At a media event in London last week, experts at Edinburgh Investment Trust discussed the macroeconomic environment, the outlook for 2026 and outlined top UK stock picks.
UK equities, which delivered a strong performance in 2025, are undervalued and very attractive, according to Imran Sattar, portfolio manager of the London-listed Edinburgh Investment Trust.
Sattar is more upbeat about the outlook for the UK stock market, which has one of the highest levels of non-domestic earnings of any market and attractive valuations, than the economy. He emphasised the higher global geopolitical risks, weaker UK employment with a 5.1 per cent unemployment rate, and the need to find stocks that can withstand the tougher environment.
The trust, managed by the Liontrust Global Fundamental team since 2020, focuses on investing in large caps, with a diversified portfolio of 40 to 50 listed UK stocks. It aims to exceed the total return on the FTSE All-Share Index and grow its dividend faster than UK inflation. It has shown strong performance over the past five years, outperforming the index. The trust currently trades at a 6.4 per cent discount to the net asset value. The gearing ratio of about 5 per cent makes the company’s share price performance relatively volatile, which could prove to be an asset rather than a liability.
Top 10 holdings include London-headquartered mining company Anglo American, a top five global copper producer. Copper demand is surging, driven by the green energy transition, electric vehicles and growth in artificial intelligence data centres; it is forecast to grow by over 40-50 per cent by 2040. Geneva-headquartered Swiss private bank Union Bancaire Privée has also increased its exposure to mining recently, highlighting the high demand for commodities such as copper. See here.
Another top holding for Sattar is Greggs, a UK vertically integrated food-to-go retailer, and the UK's Dunelm, a homeware chain. Sattar recently invested in London-headquartered RELX, an information and analytics multinational and AI beneficiary. He also invested in the London Stock Exchange Group and London-headquartered electricity and gas utility mutinational National Grid. Sattar has a large position in Nat West Bank, consumer healthcare company Heleon and multinational Unilever.
A number of investment managers are positive on UK equities in 2026. Global investment manager, Ninety One, for instance, believes that UK equities stand out for investors seeking diversification away from the US.
“The UK remains an attractive place to invest for those seeking an alternative to the concentrated US trade with its mix of well-run domestic businesses and global champions, both of which are trading at relatively low valuations.

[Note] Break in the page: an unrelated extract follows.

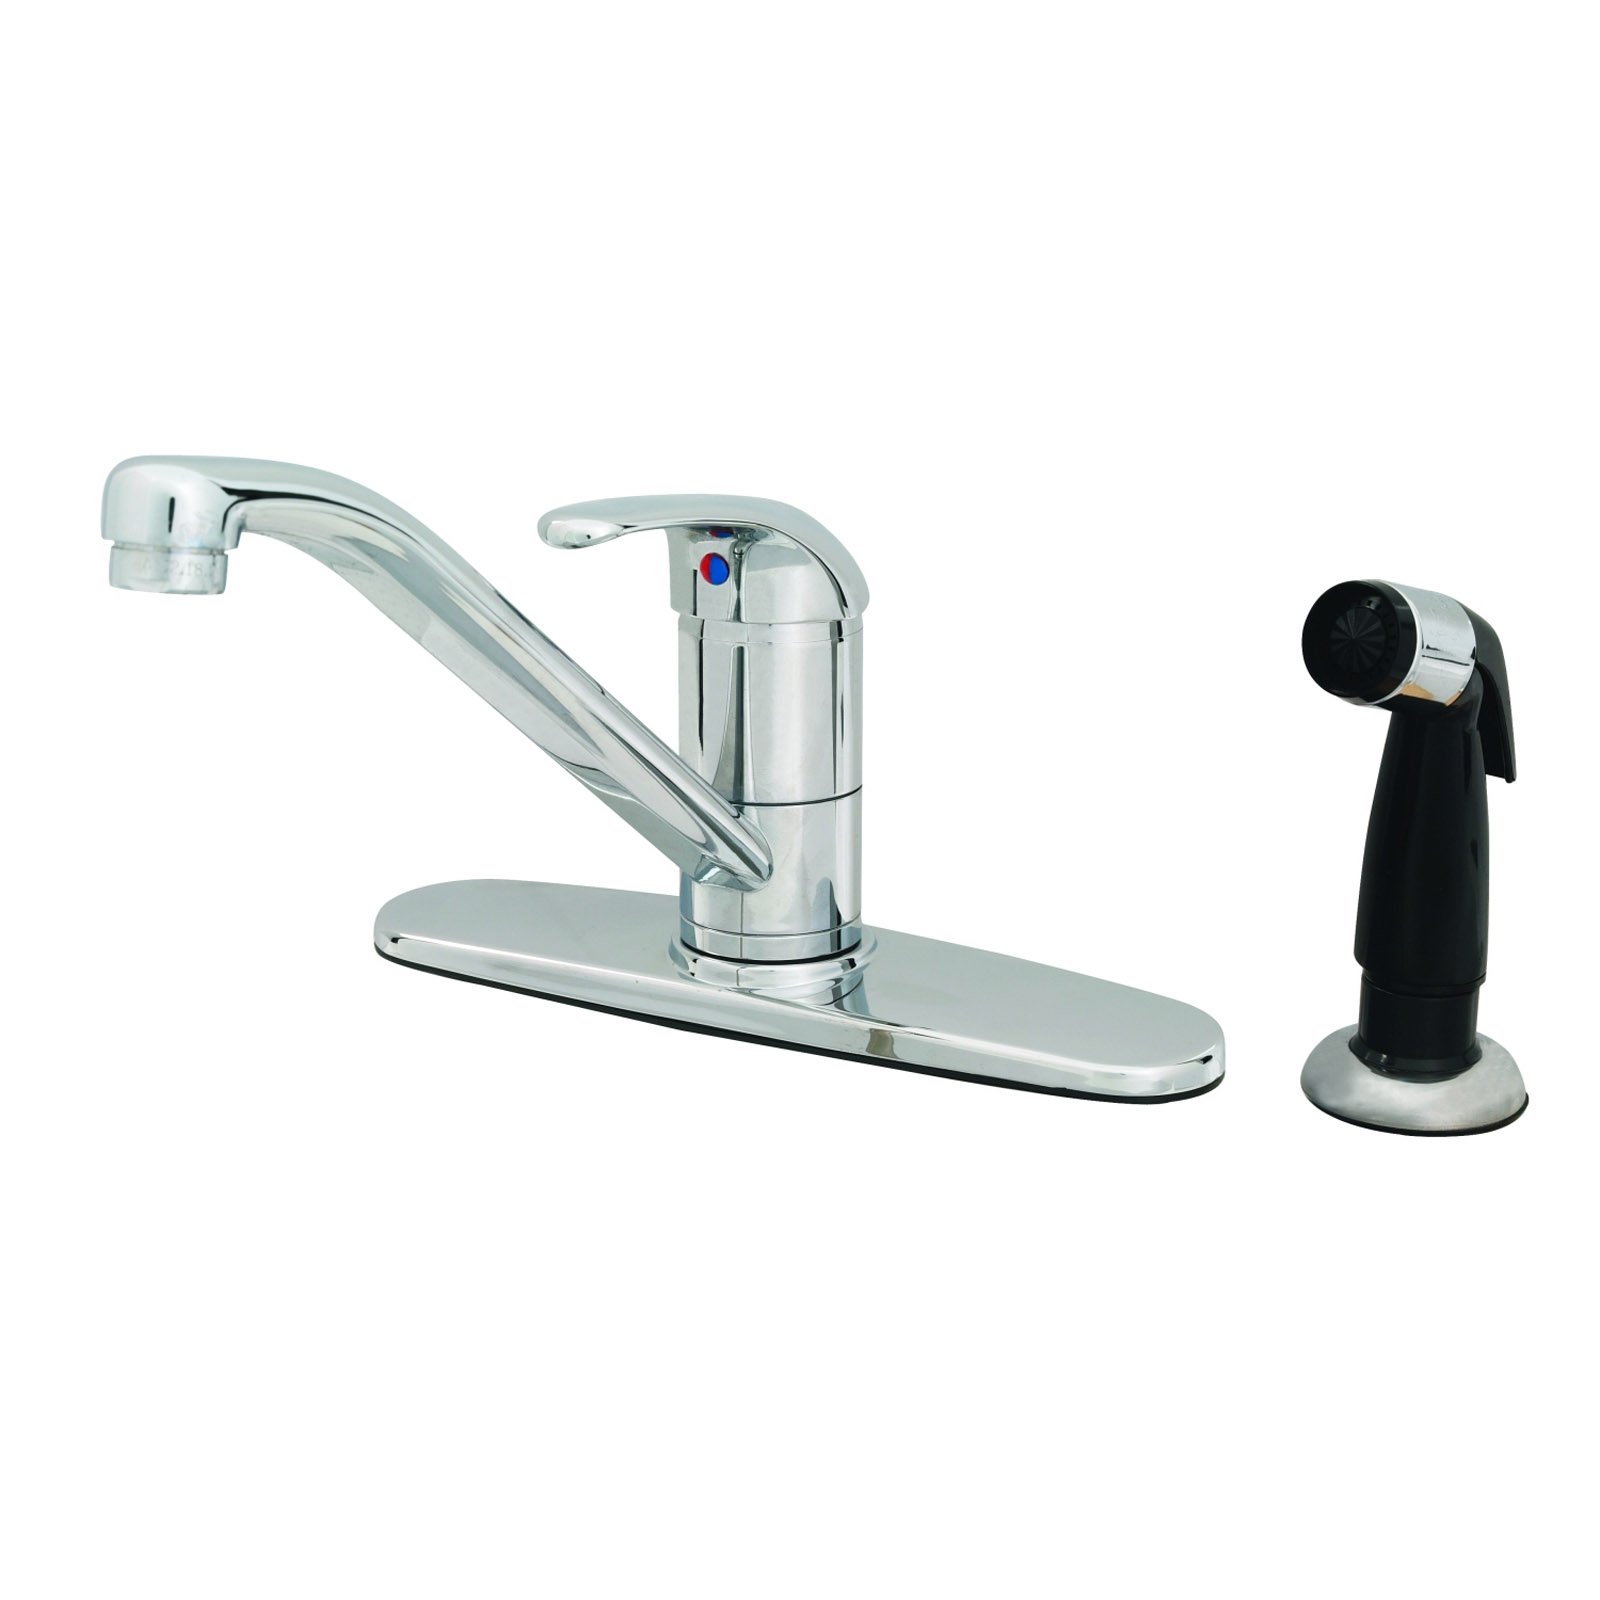 T&S Brass B-2730-WS Single Lever Faucet

Even after a strong year, UK equities trade at a substantial discount to other major markets, even comparing sectors like-for-like,” Alessandro Dicorrado, value portfolio manager at Ninety One, said (see more here). While the US market continues to look expensive, the UK offers a broad and diverse opportunity set for bottom-up investors. Alec Cutler at Orbis Investments, is also overweight in UK equities.